Yes, Blackberry data uses a different APN, and is therefore charged differently.

*WARNING: Do not try to use a Blackberry plan with an iPhone* 

You *will* be charged the non-plan rates for any data that is not "Blackberry data" (ie, uses the Blackberry APN). This amounts to around $50/MB, so it can get very expensive, very quickly. (This happened to me when I switched from a BB8700 to a Nokia E62, and the only reason I managed to shake a $1000+ phone bill is that it was Rogers' fault for not advising me of the correct plan for the device that I _bought from them_ ).

If you _do_ want to be able to swap your SIM card between your Blackberry and your iPhone, I would recommend calling Rogers and getting them to sign you up for one of the "Blackberry Connect" plans, which include both Blackberry data and normal Internet data. These are normally only available with the Nokia E62 (which is a "Blackberry Connect" compatible device), but you might be able to talk them into giving it to you anyway. Worst-case scenario, just tell them you bought an E62 and therefore need the "Blackberry Connect" plan for it.
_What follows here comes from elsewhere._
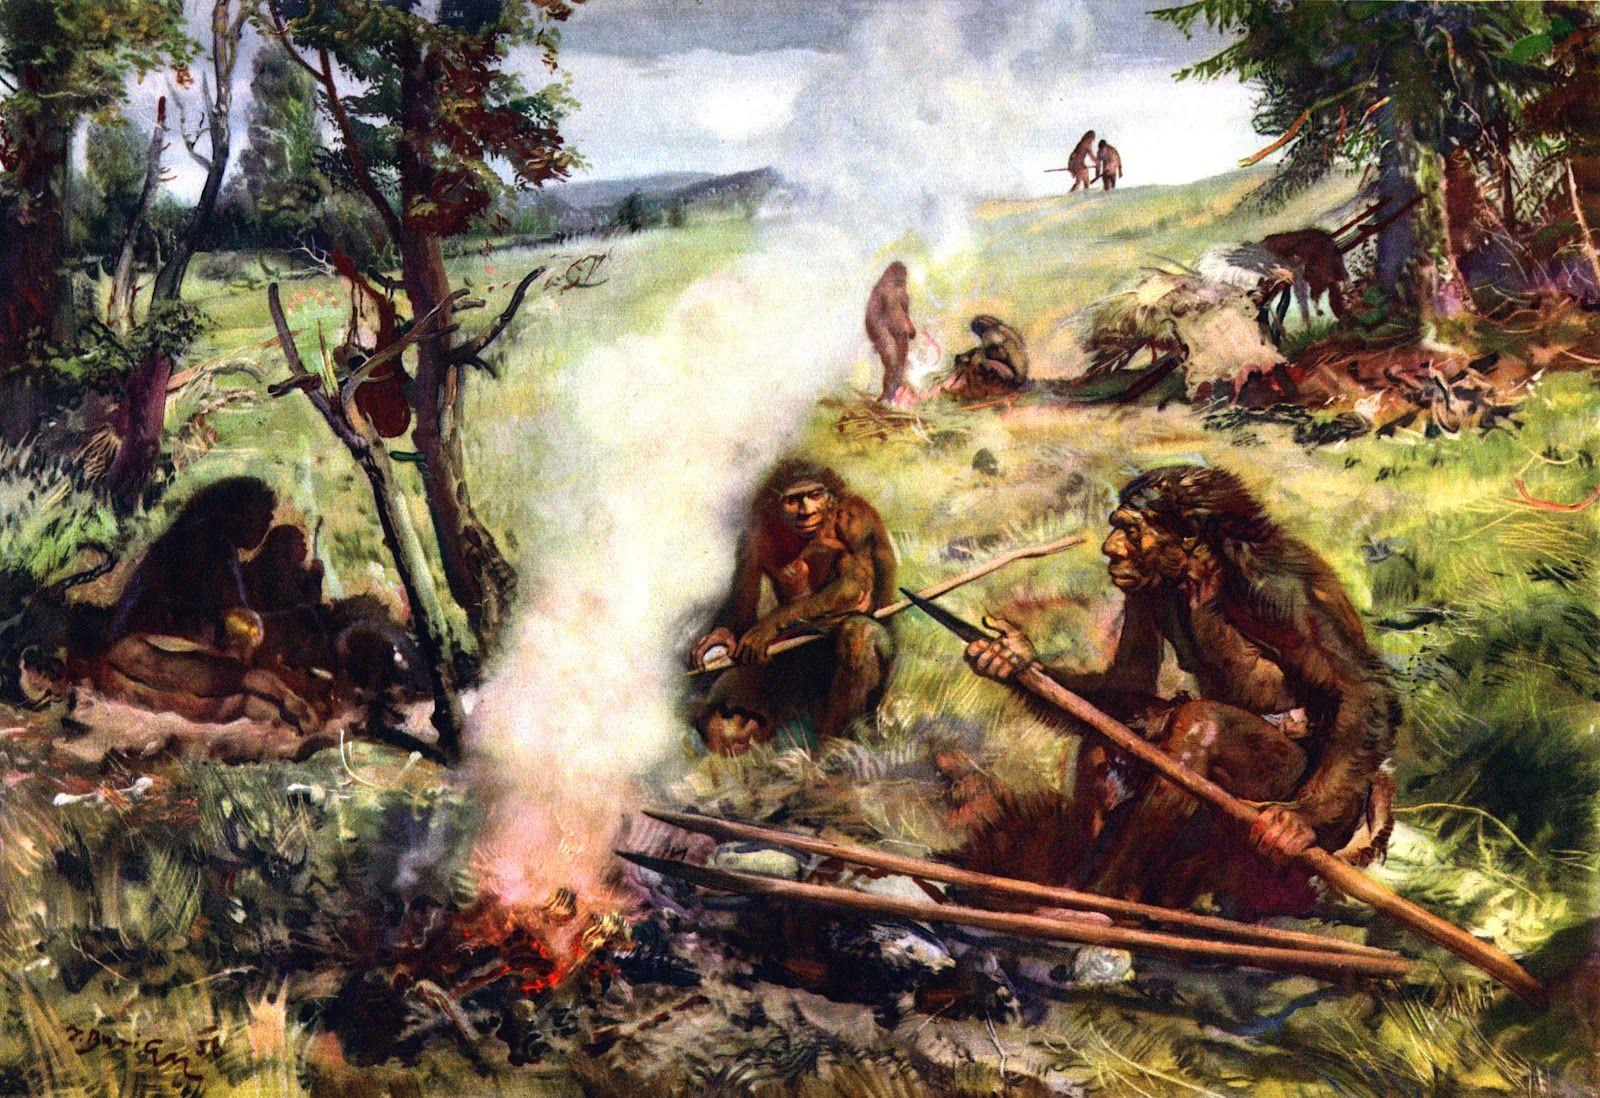 Illustration By Zdenek Burian Prehistoric Man

Otherwise, if you don't plan to continue using Blackberry data, you can sign up for one of the normal data plans. You will lose access to any Blackberry features (since the Blackberry APN is locked out on the normal plans), but the good news is that the rates are the same on all the higher-end plans regardless, and in fact the non-BB plans have some more reasonable lower-end options.


----------



## aj21 (Sep 18, 2007)

That's so weird.
I spoke to Rogers today and they told me it was the same data plan for both... hmmm 
Thanks for the heads up!


----------



## jhollington (Jan 29, 2007)

Most of the front-line Rogers reps really do not know what they're talking about, since the plans are priced identically. This was why I ran into this problem with my E62, since I had to speak to somebody in the "Data Plans" department before I could get a straight answer on what plan I needed to actually be on.

Basically, it boils down to three categories with Rogers:

*Blackberry Plans*: Offer included MB _only_ on the Blackberry APN (ie, Blackberry data sent via the RIM network). Other types of data on the Internet.com APN are permitted, but billed at the non-plan rate of $50/MB.
*Data Max and Mobile Internet Plans*: The differences between these plans are merely the naming and capacities. The low-end "Mobile Browser" plans are generally the little 5-10MB plans that you throw on a WAP-enabled cell phone, whereas the Data Max are designed for heavy smartphone users or users of tethering and/or AirCard-style solutions. They allow NO access to the Blackberry APN (pay-as-you-go or otherwise), and the bundled MB includes access on the Internet.com and GoRogers (internal WAP) APNs.
*Blackberry Connect Plans: * These are basically a single plan that combines both of the above. You can officially only get this plan on the Nokia E62, and I've heard tales of Rogers refusing to give it to anybody else, although your mileage may vary. I kept it on my E90 after I switched, simply because I didn't tell Rogers I'd switched phones, and in fact still had it on my iPhone until only just recently, due to "incompatibilities" with other features I wanted to add (a "Blackberry" plan seems to imply that you have a "Blackberry" and features like second-line service can't be provisioned on your account if you're on one of these plans since the hardware wouldn't support it). Regardless, the BBC plans provide both Blackberry.net and Internet.com data within their provisioned limits, and are priced identically to the normal Blackberry plans.

The long and short of it is that you should be on a Data Max or Mobile Internet plan for the iPhone, although if you still plan to swap your SIM back and forth with your Blackberry, you'll need to get onto the Blackberry Connect plan, or you won't be able to use your Blackberry services.


----------